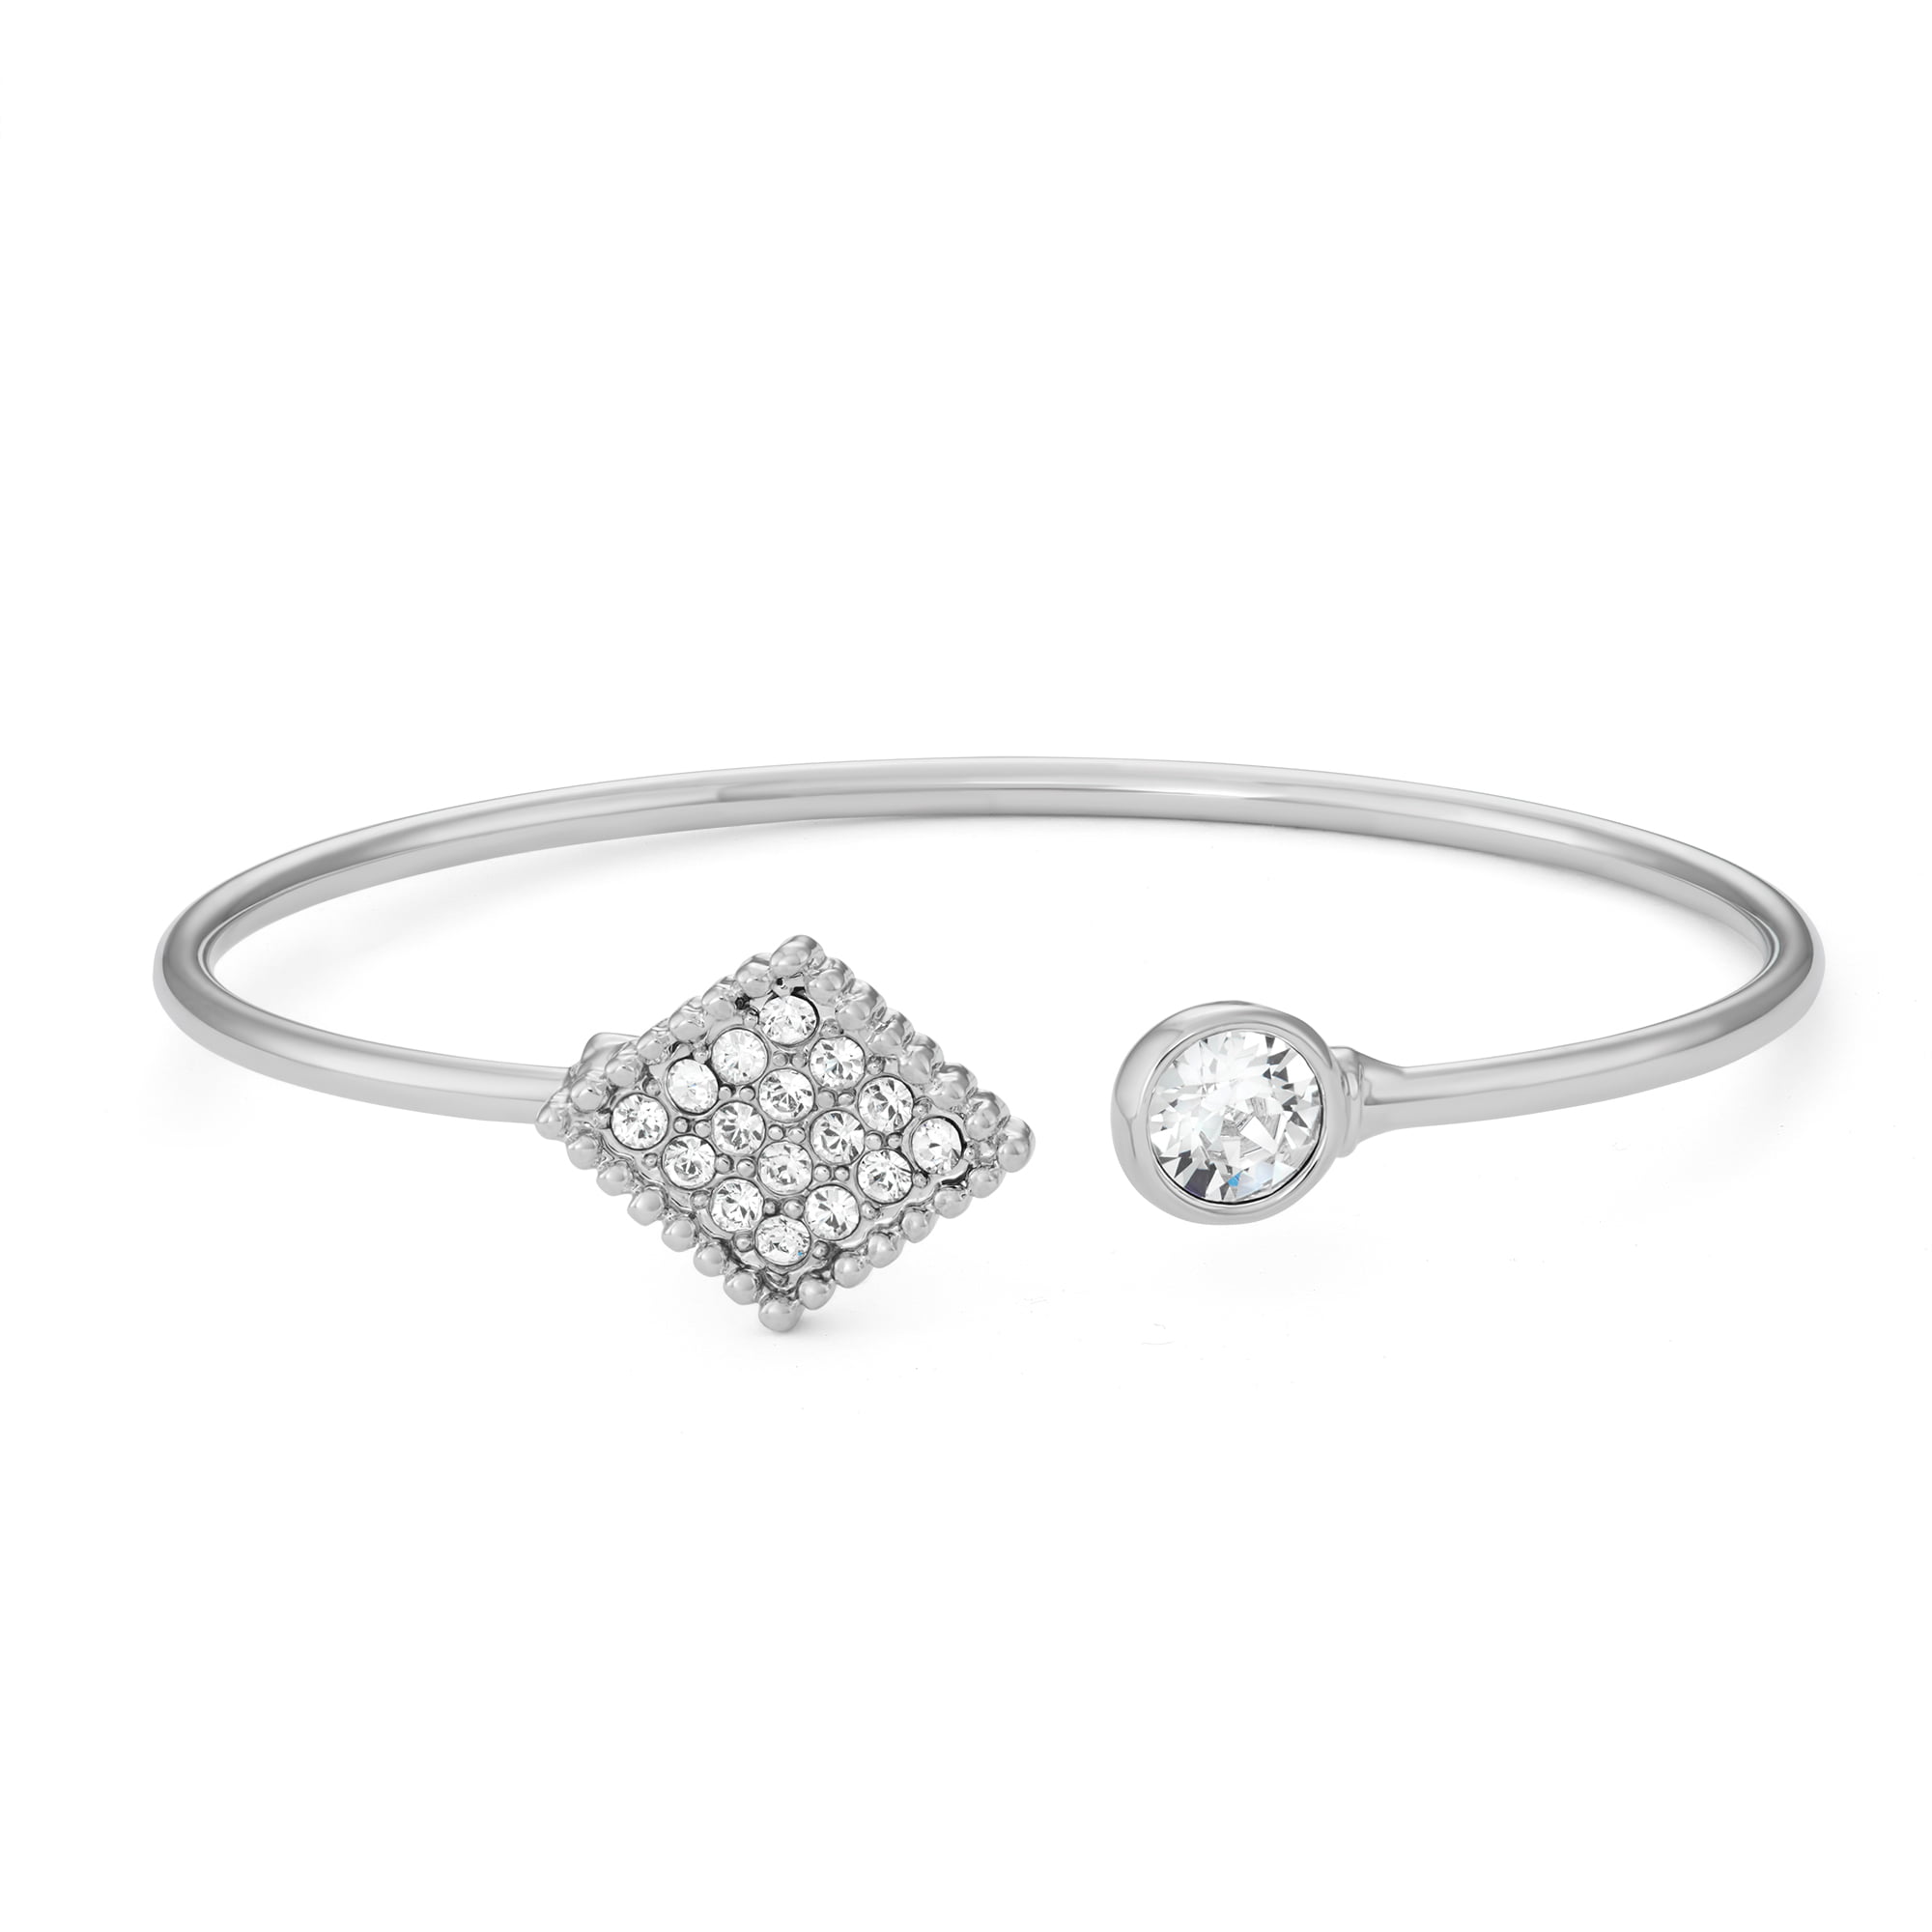 Rhodium Plated Open End Bangle Bracelet With Crystal Diamond, Made With ...
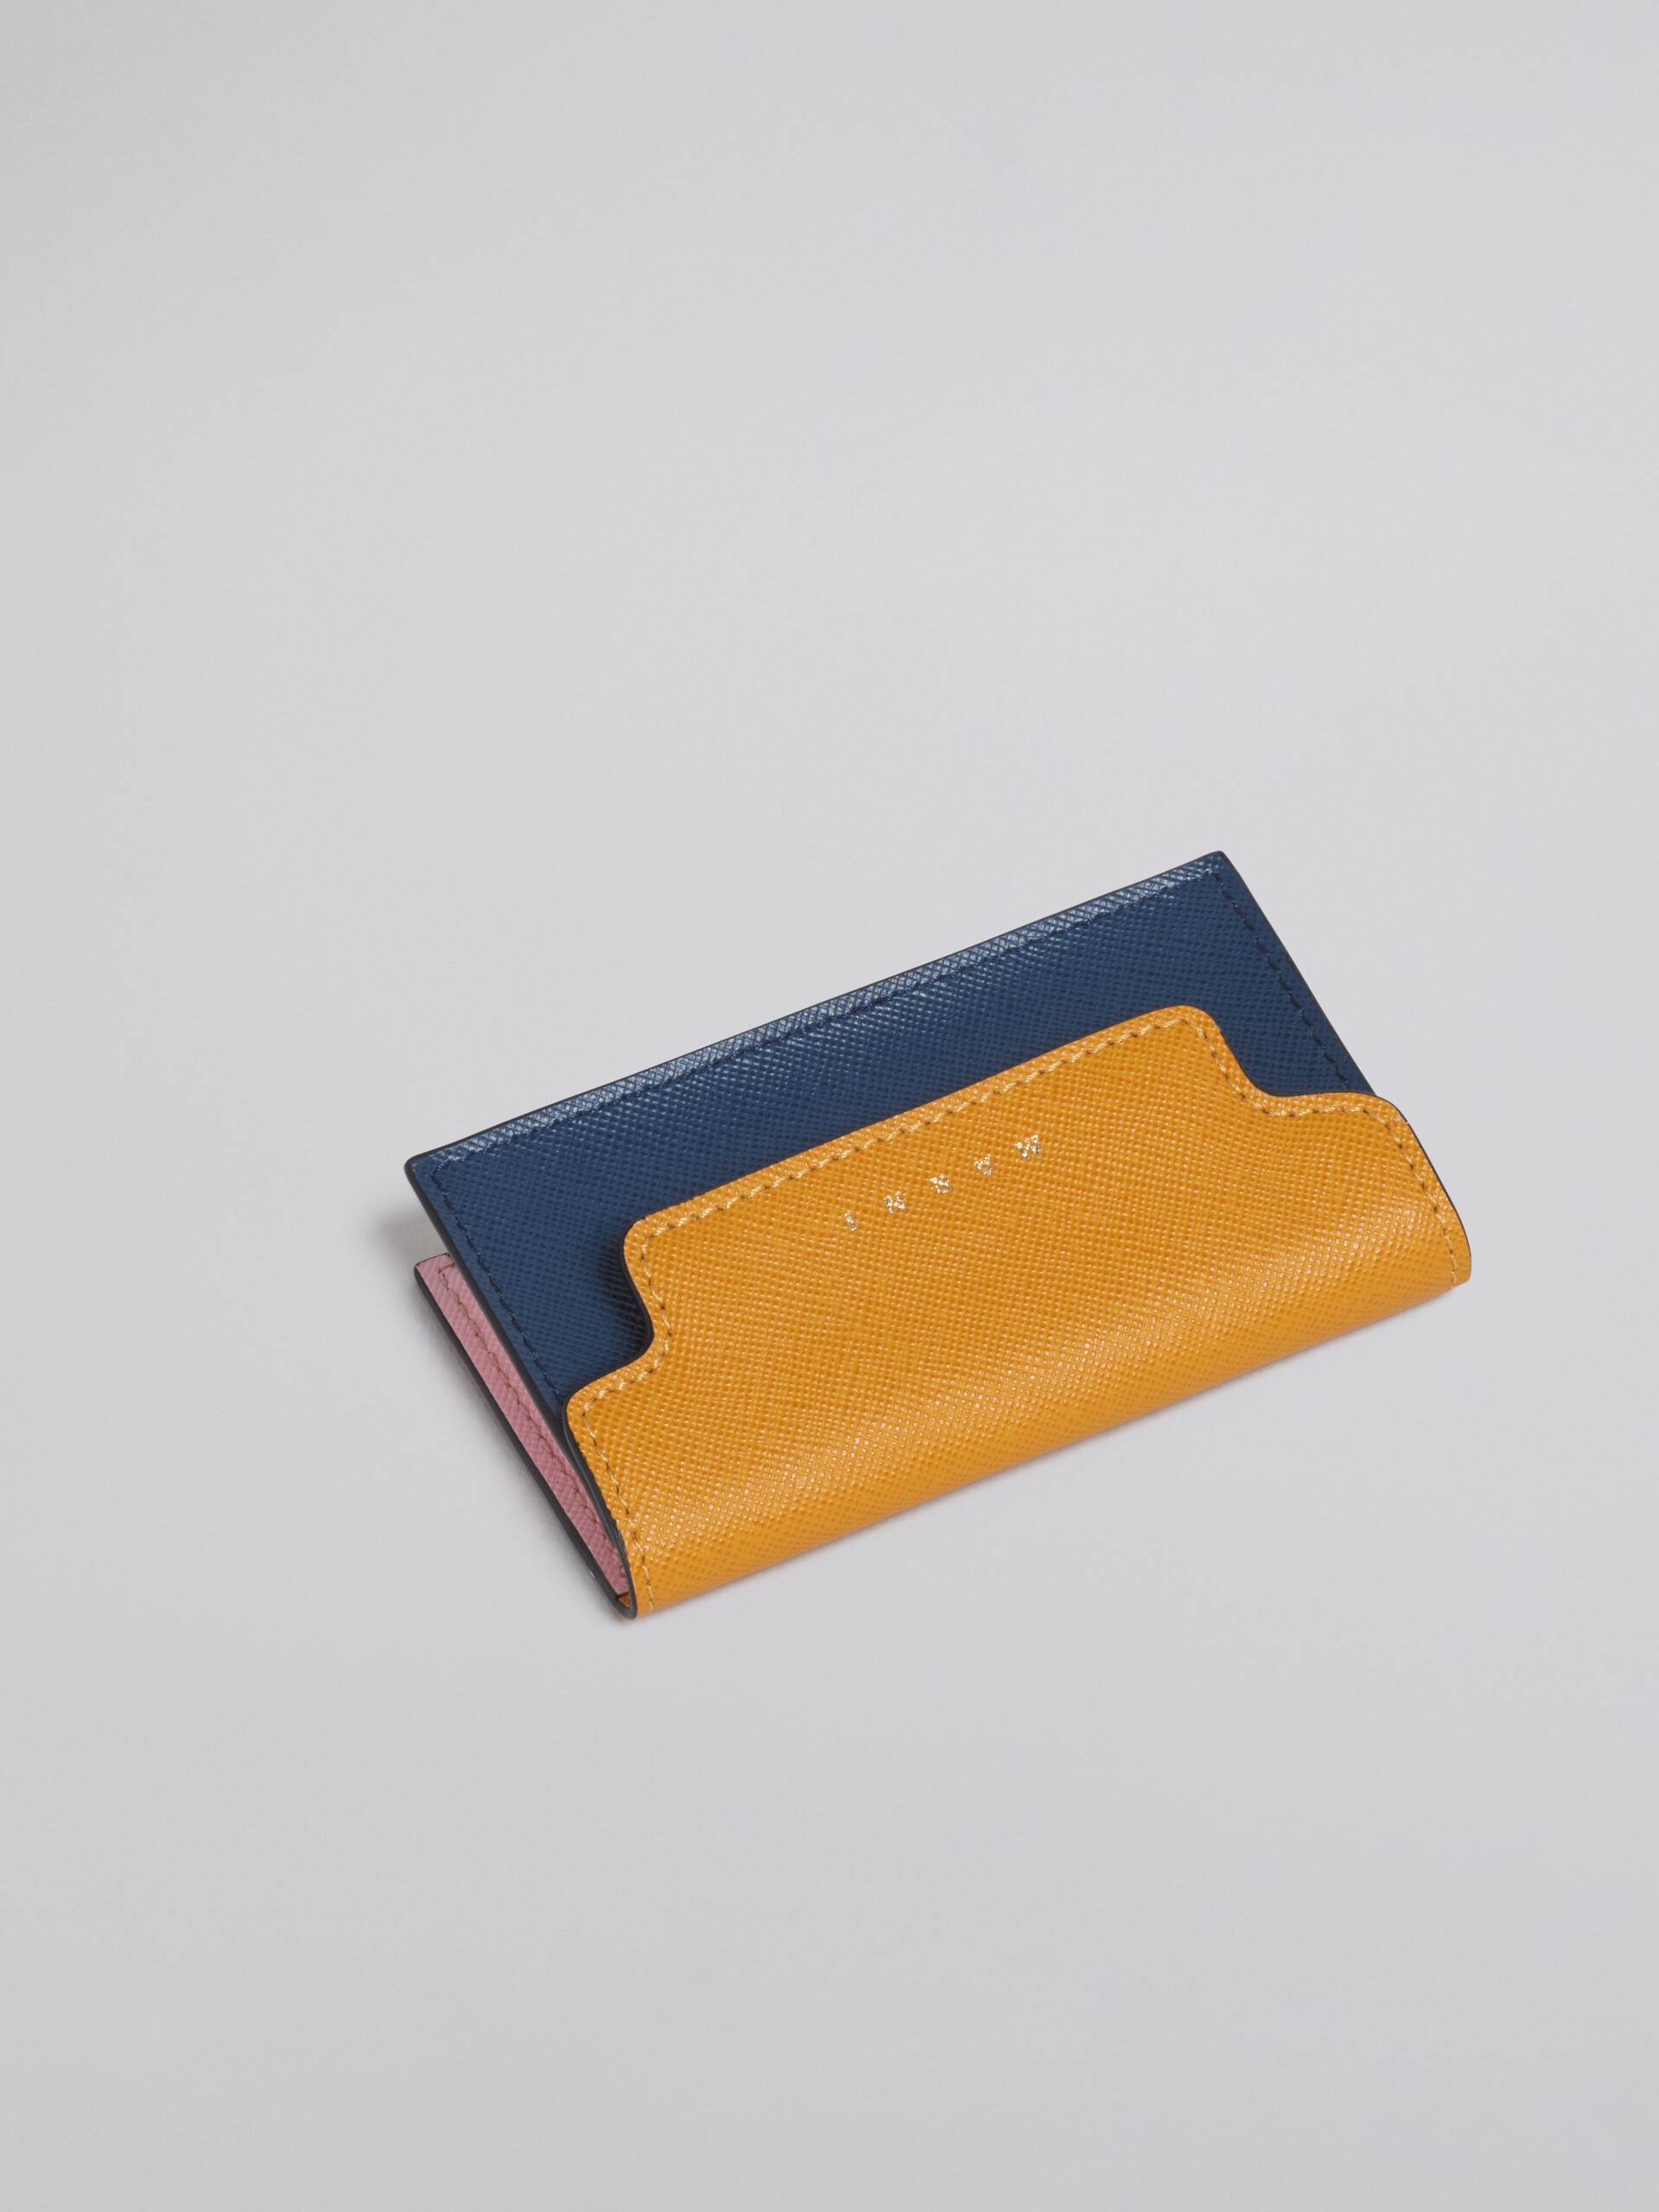 Orange pink and blue saffiano leather business card case - Wallets - Image 4
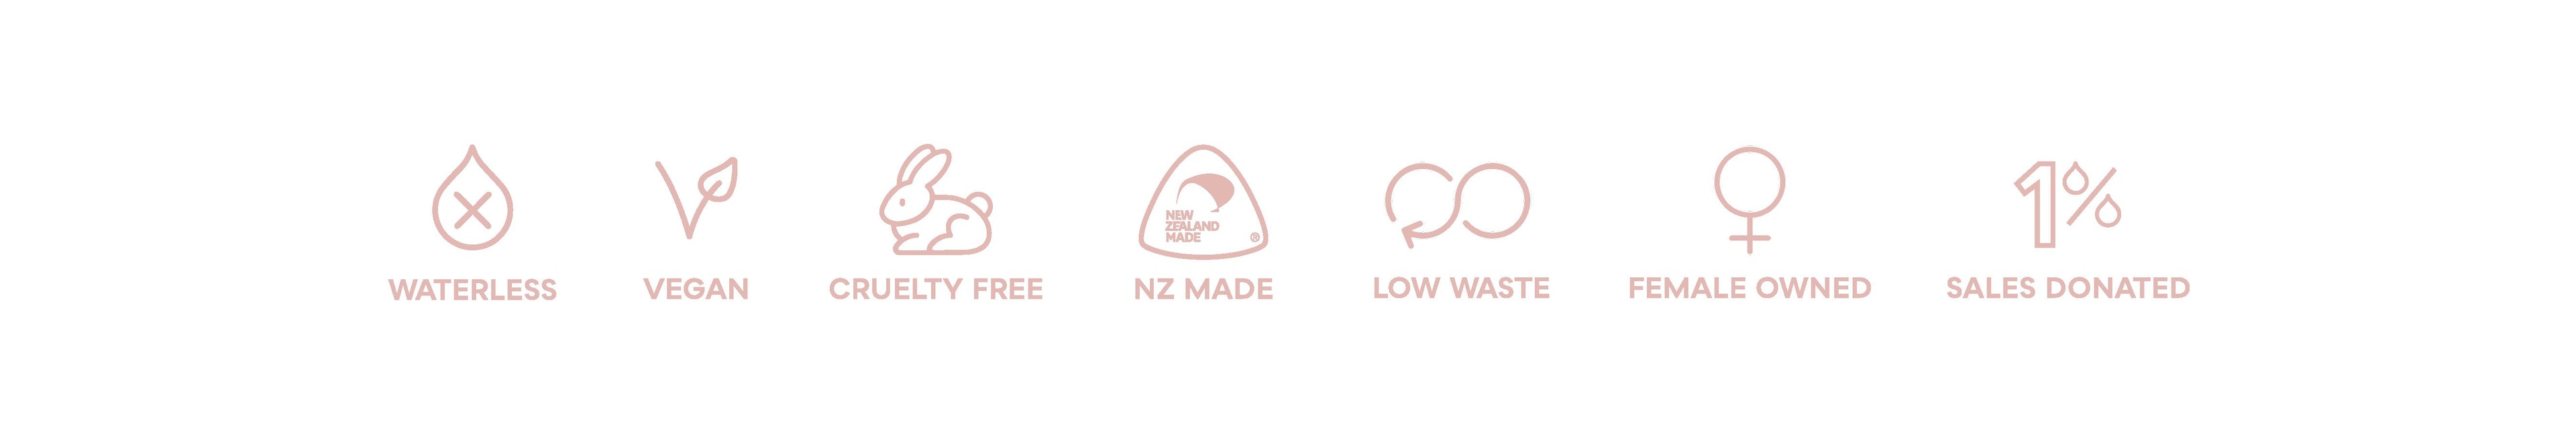 Waterless, Vegan, Cruelty Free, Naturally derived, NZ Made, Low waste, Female owned & 1% of sales donated. Beauty that cares

**What to do**.
None of the pictures belong in the copy. Write out exactly the lines from the line that holds "Orange pink and" through the last line of the listing above, both ends included.

**Result**.
 Orange pink and blue saffiano leather business card case - Wallets - Image 4
 Waterless, Vegan, Cruelty Free, Naturally derived, NZ Made, Low waste, Female owned & 1% of sales donated. Beauty that cares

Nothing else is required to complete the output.